It’s important to note that the tracking data contains the entire runtime of the play, including all of the dead time prior to the line being set, and in some cases even the team celebrations after a touchdown is scored. So let’s first find the ‘frame interval’ of the play:
first_frame <- play_data %>%
filter(event == "line_set") %>%
distinct(frame) %>%
slice_max(frame) %>%
pull()
final_frame <- play_data %>%
filter(event == "tackle" | event == "touchdown" | event == "out_of_bounds") %>%
distinct(frame) %>%
slice_max(frame) %>%
pull()
first_frame
## [1] 113
final_frame
## [1] 270
Now that we’ve got a better idea of the interval in which the play takes place, let’s visualize it.
plot_play_frame(play_data_ = play_data, frame_ = 180)
plot_play_frame()
also has a velocities_
parameter, which, when set
to TRUE
, adds the players’ velocity vectors to the plot.
plot_play_frame(play_data_ = play_data, frame_ = 200, velocities_ = T)
In past Big Data Bowls, some of the top submissions borrowed a concept
from soccer called “pitch control.” Pitch control models aim to quantify
the areas of the field that players/teams control; an example of a basic
pitch control model is Voronoi tessellation. We can use the voronoi_
argument to add a Voronoi layer to play frame
plots:
plot_play_frame(play_data_ = play_data, frame_ = 220, velocities_ = F, voronoi_ = T)

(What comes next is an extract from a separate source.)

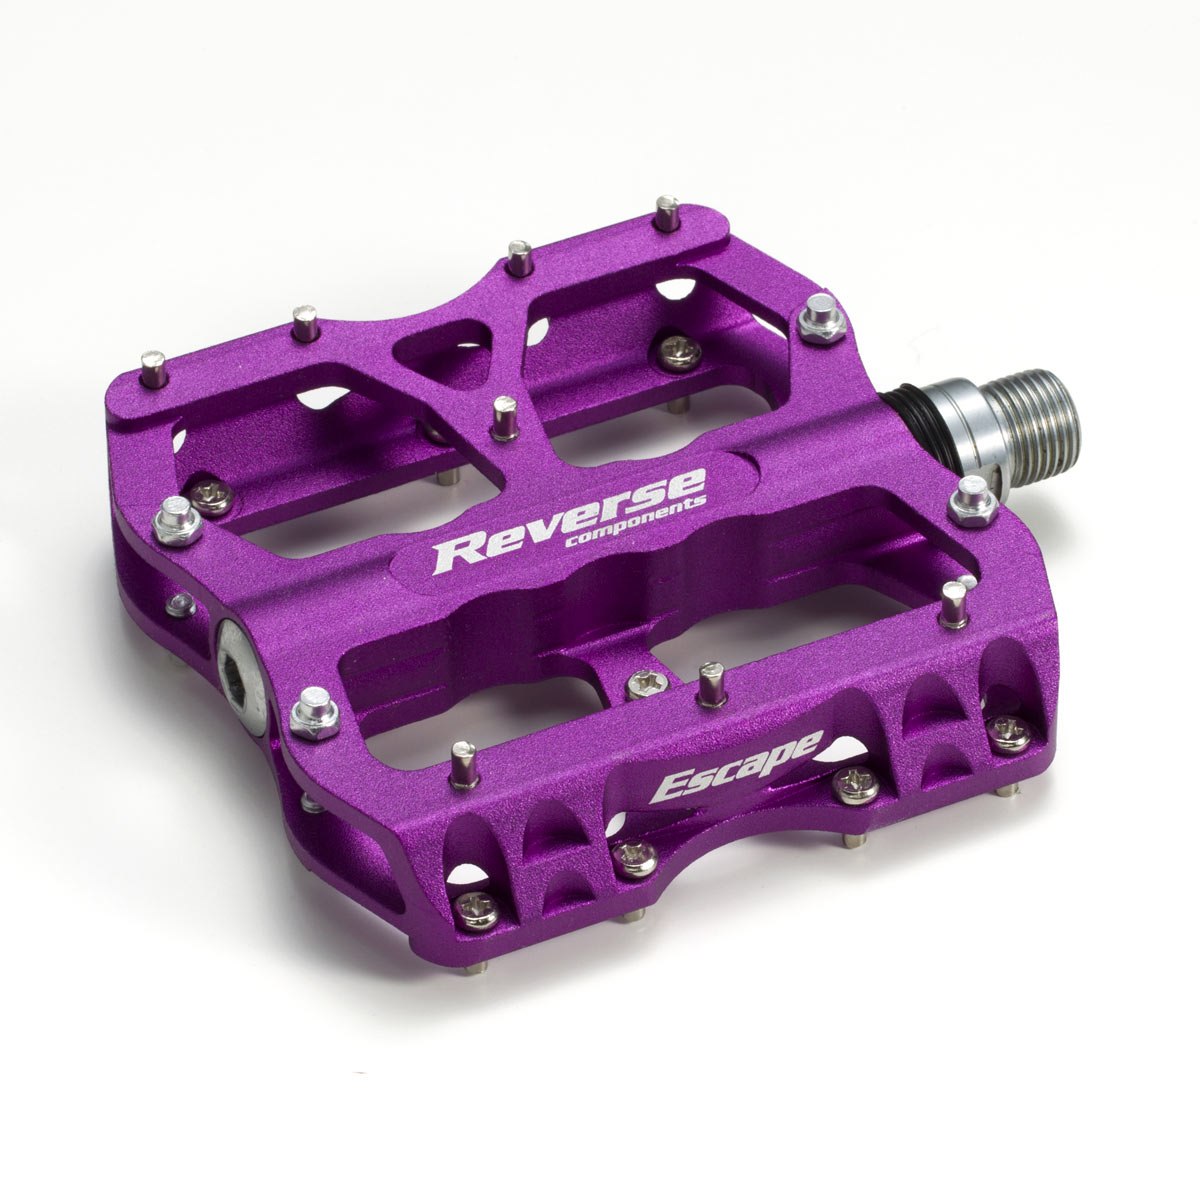 Picture of Reverse Components Escape Pedals - purple sandblast

The final in-built function we can use is plot_play_sequence()
, which
plots n_
number of frames between a first_frame_
and final_frame_
at evenly spaced
intervals:
plot_play_sequence(play_data, first_frame_ = first_frame, final_frame_ = final_frame, n_ = 6, velocities_ = T, voronoi_ = T)
The next step in visualizing a play is animation. Rather than just animating the data as-is, let’s transform it a bit. In our animation, we’re going to highlight the fastest player on each team at every frame of the play.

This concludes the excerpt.